Fulacht fia, Boolabeg, Co. Waterford
Co. Waterford |
Settlement Sites
At the base of the Comeragh Mountains in County Waterford, a grass-covered mound roughly the size of a tennis court sits quietly beside a stream, its horseshoe shape still legible after several thousand years. This is a fulacht fia, a type of prehistoric cooking site found in considerable numbers across Ireland, typically dating from the Bronze Age. The standard interpretation is that stones were heated in a fire and dropped into a water-filled trough to bring it to boiling point, the discarded cracked stones gradually accumulating into the characteristic mound that surrounds the trough on three sides. Here, that central depression is still visible, a rectangular hollow measuring four metres long and two and a half metres wide, opening to the west.
The mound itself is substantial, running twenty-seven metres north to south and fifteen metres east to west, rising to about seven-tenths of a metre at its highest points immediately north and south of the trough hollow.

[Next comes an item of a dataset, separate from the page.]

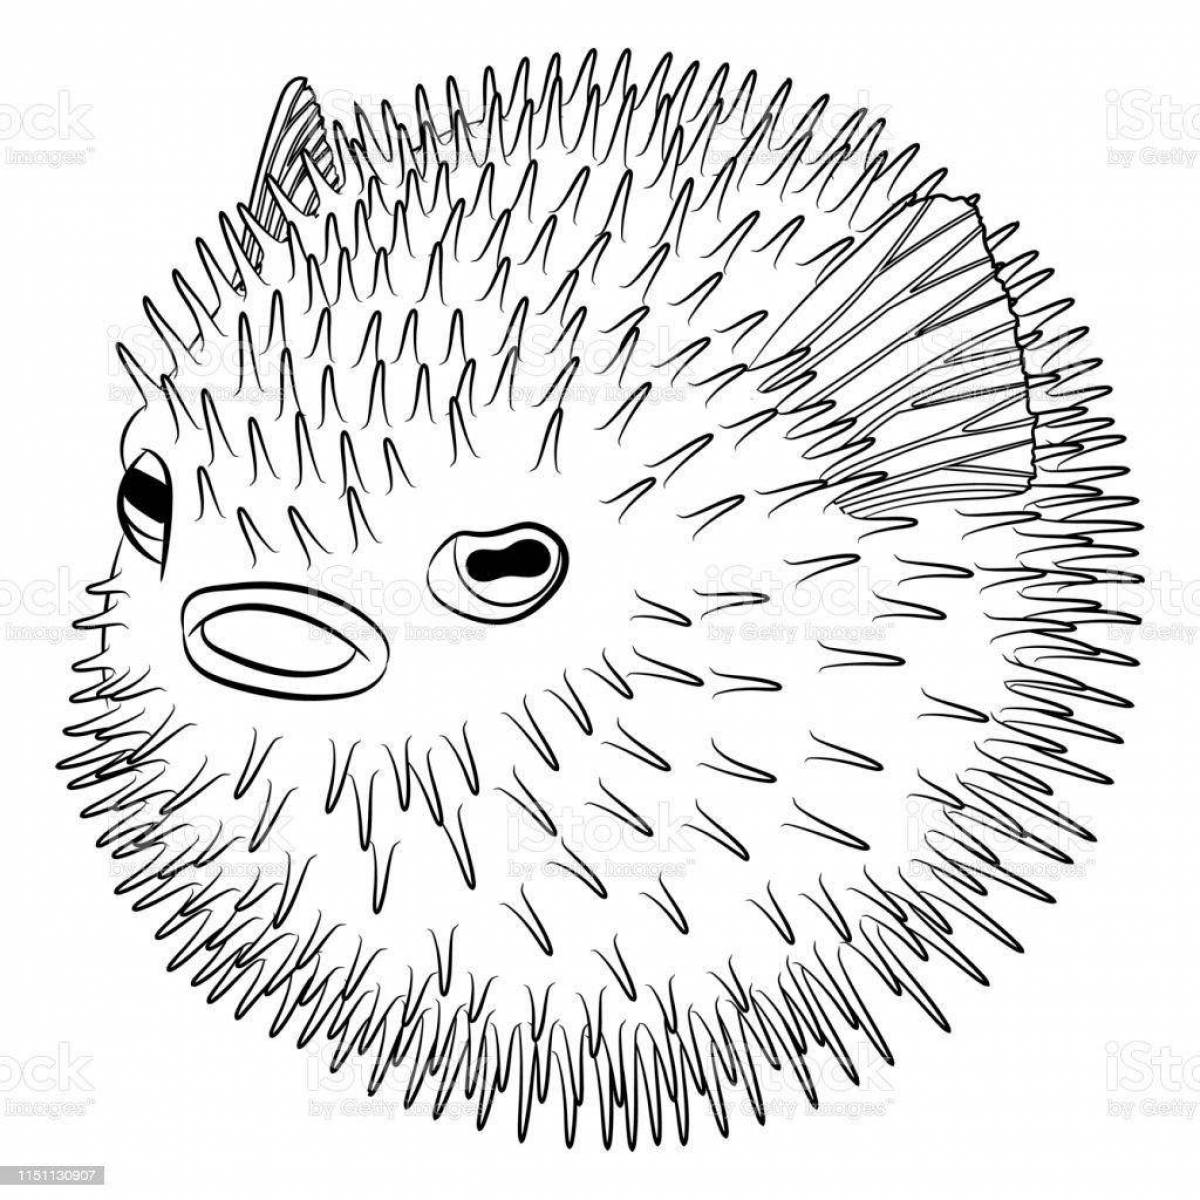 Humorous coloring hedgehog fish

Its position on a gentle north-facing slope adjacent to a stream is entirely typical of the type; ready access to water was essential to the whole operation, and such sites cluster along watercourses throughout the Irish landscape. What makes this particular spot quietly notable is that a second fulacht fia lies just seventeen metres to the south, suggesting repeated or concurrent use of this stretch of ground. Whether the two sites were contemporary with one another or represent activity at different periods is not something the surface evidence can settle, but their proximity hints at something more deliberate than coincidence in the choice of this location at the mountain's edge.